It's a great reading experience, not frustrating at all like I thought it might be. It's true that most of the "puzzles" are just code numbers but I wonder if he was concerned about asking too much from readers to do like a sudoku game or something. I know I would balk at any sort of math-related thing so the simple seek and find approach worked for me and I didn't get bored at all. I didn't have any hangups, although a couple times I went to the wrong page because I read it wrong, I haven't seen any printing errors in my book yet. It also somehow avoids its own spoilers, which was another concern of mine. While flipping forward and back I would catch glimpses of things but they're so strange and abstract that they don't really mean anything without context, which is a neat trick.
Story/vibe-wise I adored it, I think this might be the only comic I've read other than From Hell that got under my skin a bit.

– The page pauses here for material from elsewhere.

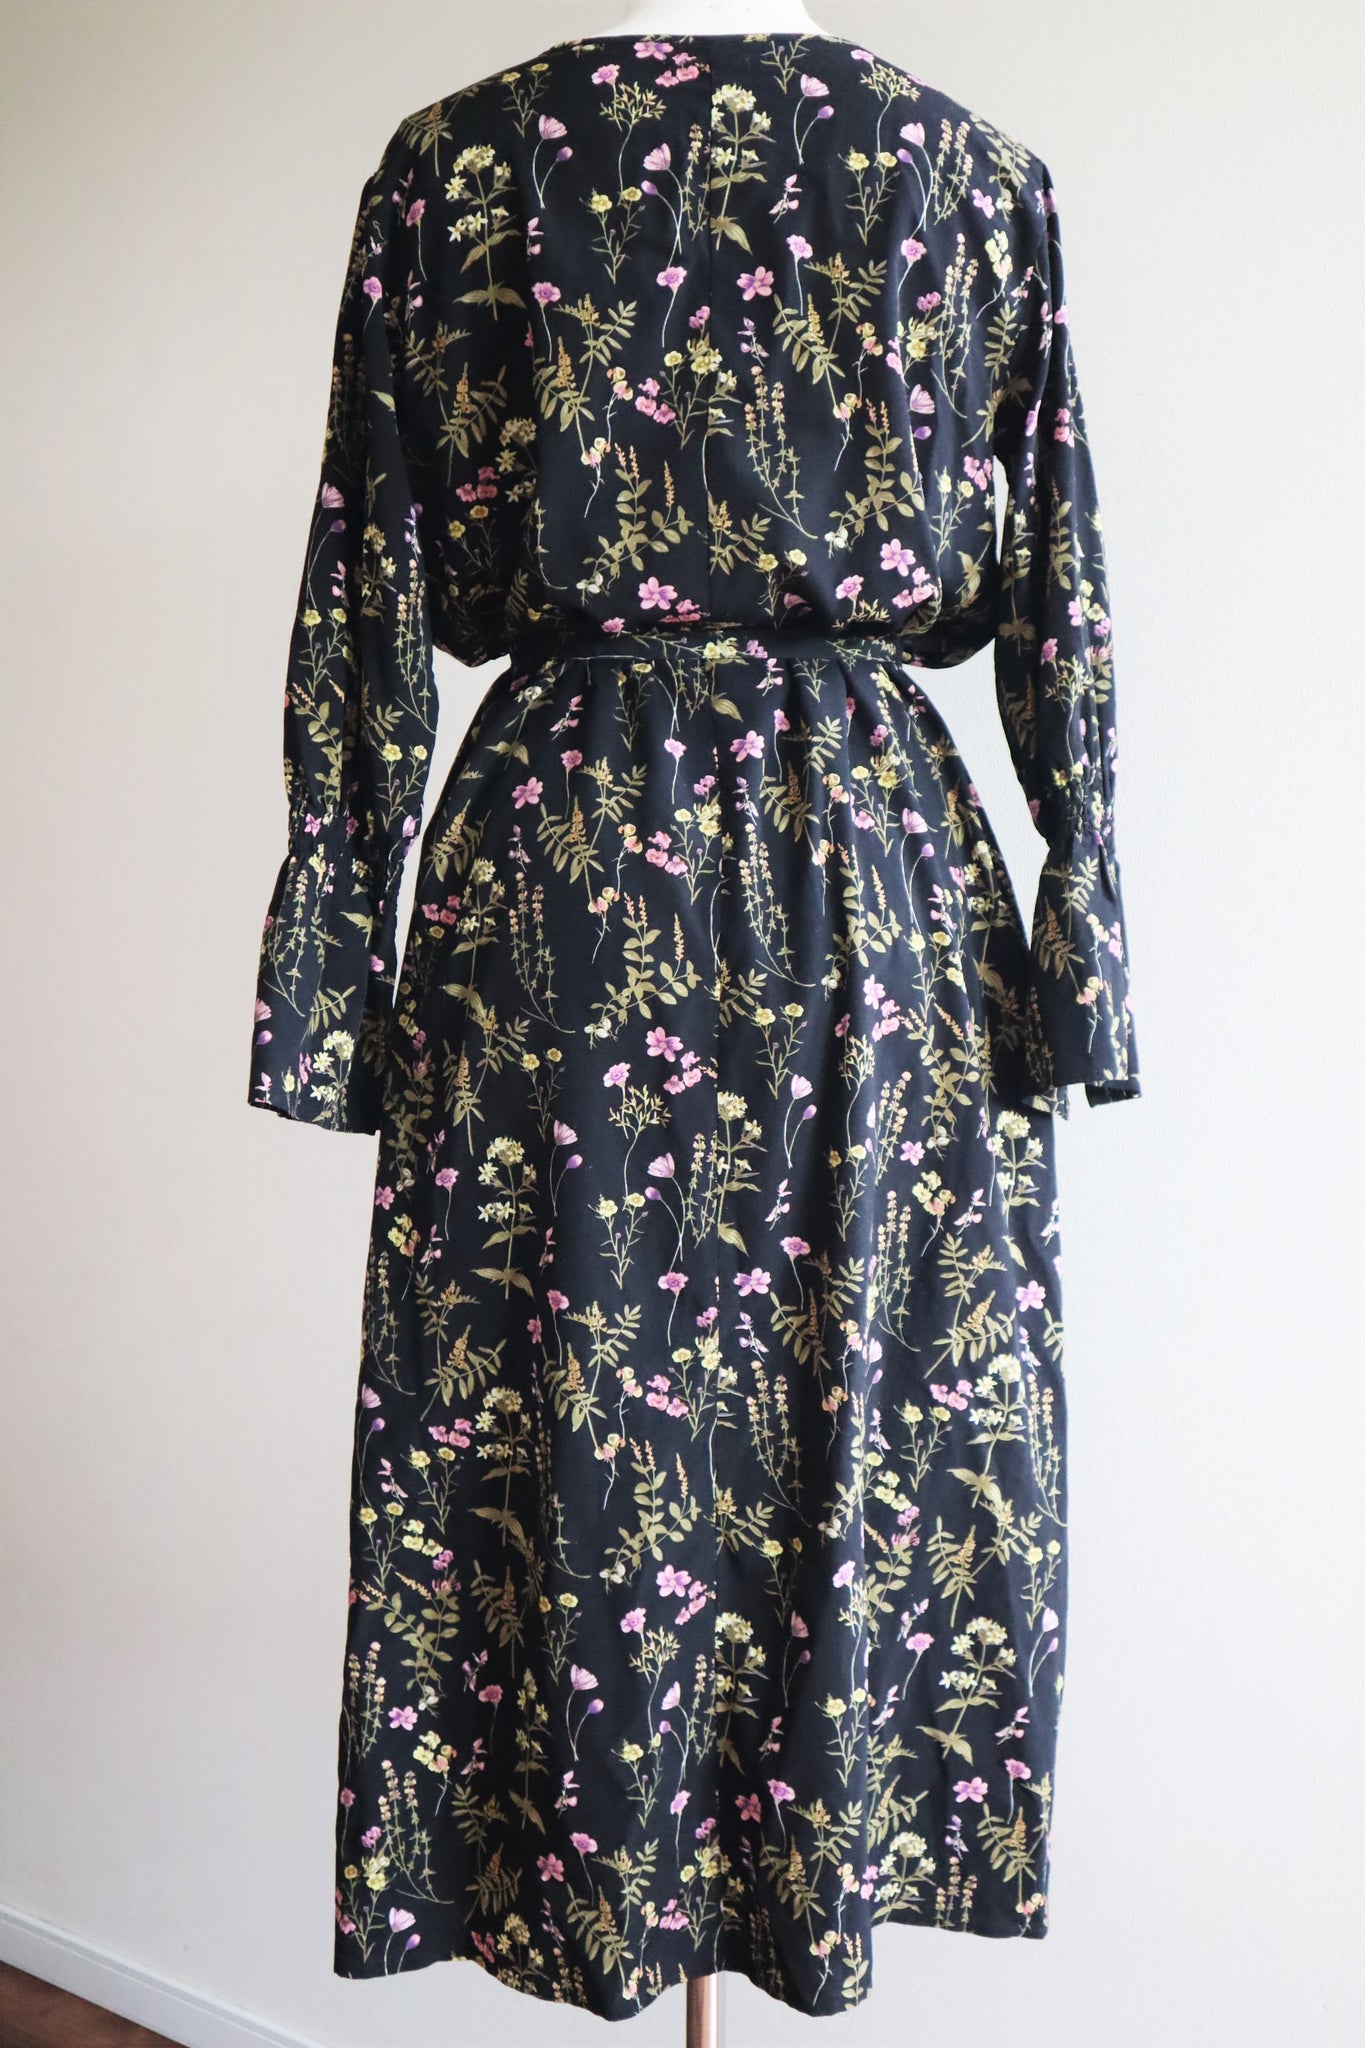 Vintage Floral Print Black Long Dress

The fact that all the lights are ON somehow makes it way scarier than if this was all shadows and darkness. That also makes it so when you get to a dark stairway or air duct it seems way scarier by contrast. When you look into a dark room you assume something is there somewhere, when you look into a bright empty room you assume something is just out of your vision, which is way scarier. His drawing style suits the story so well too, the way he draws those weird people. Pulling the lever and scrambling myself will haunt me for a while.
Do we think this book is about anything?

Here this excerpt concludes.